Determining Sources in the Bioluminescence Tomography Problem
Ming-Hui Ding, Rongfang Gong, Hongyu Liu, Catharine W. K. Lo
TL;DR
This paper addresses the bioluminescence tomography (BLT) inverse source problem under the diffusion approximation, aiming to reconstruct an internal light source from boundary measurements. It advances the theory by proving uniqueness for sources of the form $q=\varphi\chi_\omega$ when the domain $\omega$ is either a $C^2$-smooth region or a polyhedral/corona-shaped region, using a single boundary datum, and it supports these results with comprehensive numerical experiments.

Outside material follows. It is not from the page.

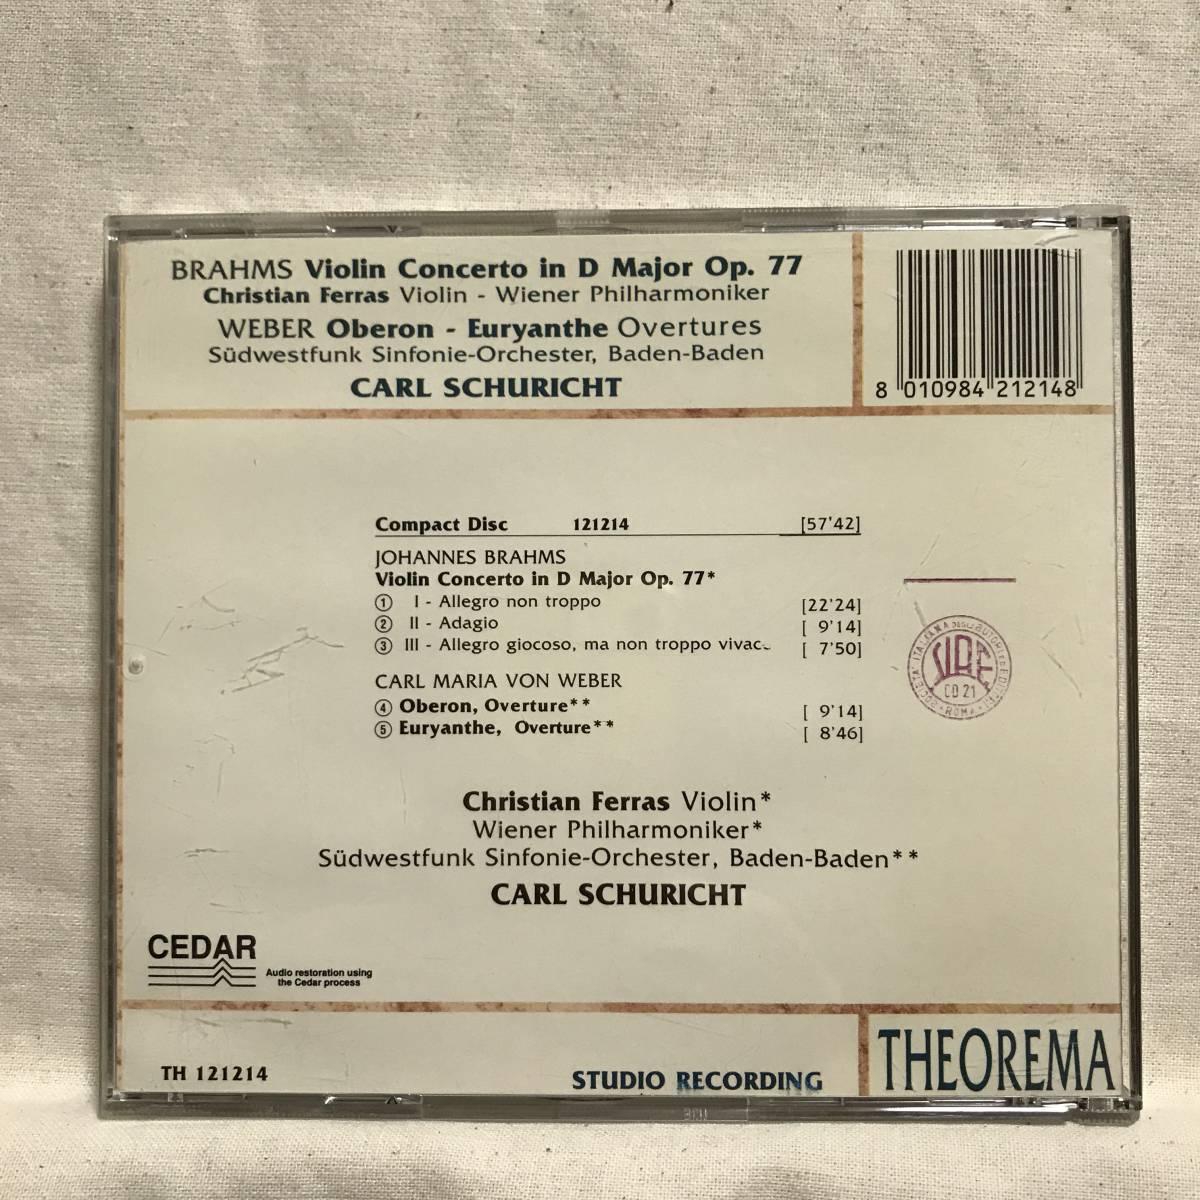 フェラス (Vn) / ブラームス:ヴァイオリン協奏曲 / シューリヒト &ウィーン・フィル●CEDAR (DECCA音源) ドイツ盤   _画像2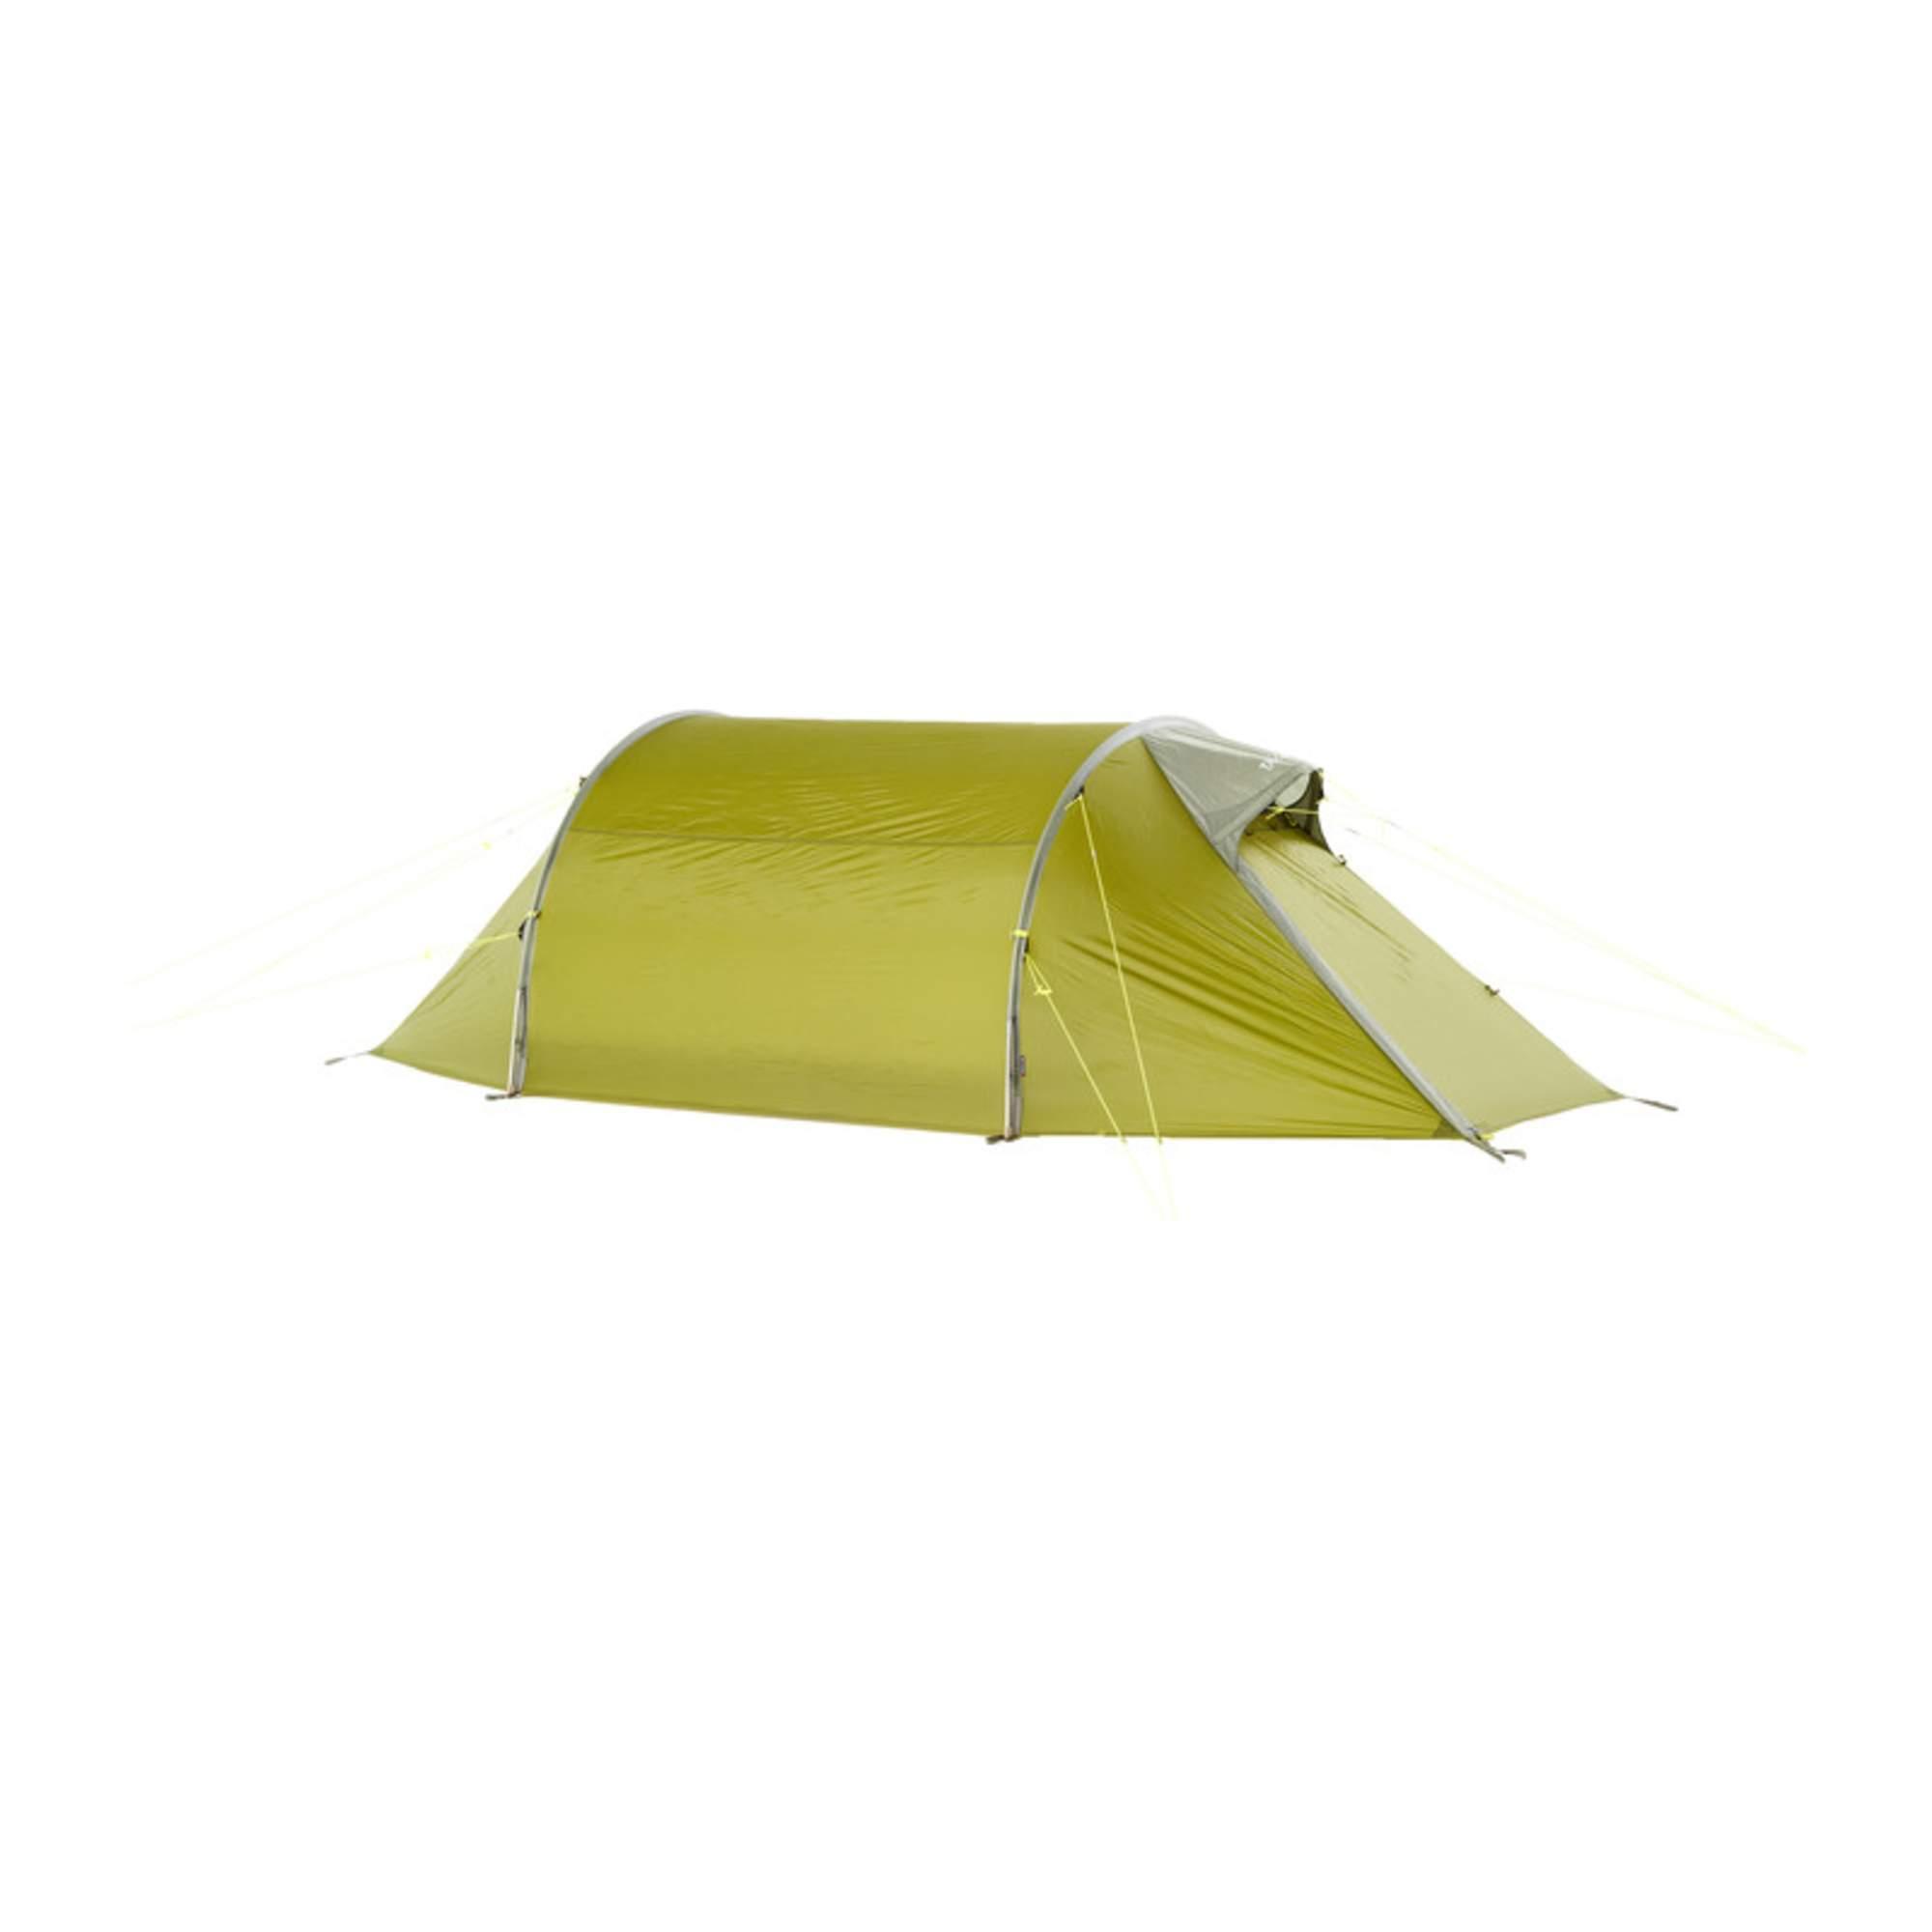 zeltvergleich outdoor- und camping-zelte vergleichen, Hause ideen

The authors develop a microlocal CGO-based analysis to handle corners and non-smooth geometries, and they implement a Levenberg-Marquardt inversion with Tikhonov regularization to numerically recover both the support and intensity of the sources. The work broadens the class of geometries for which BLT uniqueness can be guaranteed and demonstrates practical recoverability for both smooth and non-smooth source domains, with potential impact on in vivo imaging and related biomedical applications.
Abstract
In this paper, we revisit the bioluminescence tomography (BLT) problem, where one seeks to reconstruct bioluminescence signals (an internal light source) from external measurements of the Cauchy data. As one kind of optical imaging, the BLT has many merits such as high signal-to-noise ratio, non-destructivity and cost-effectiveness etc., and has potential applications such as cancer diagnosis, drug discovery and development as well as gene therapies and so on. In the literature, BLT is extensively studied based on diffusion approximation (DA) equation, where the distribution of peak sources is to be reconstructed and no solution uniqueness is guaranteed without adequate a priori information. Motivated by the solution uniqueness issue, several theoretical results are explored. The major contributions in this work that are new to the literature are two-fold: first, we show the theoretical uniqueness of the BLT problem where the light sources are in the shape of $C^2$ domains or polyhedral- or corona-shaped; second, we support our results with plenty of problem-orientated numerical experiments.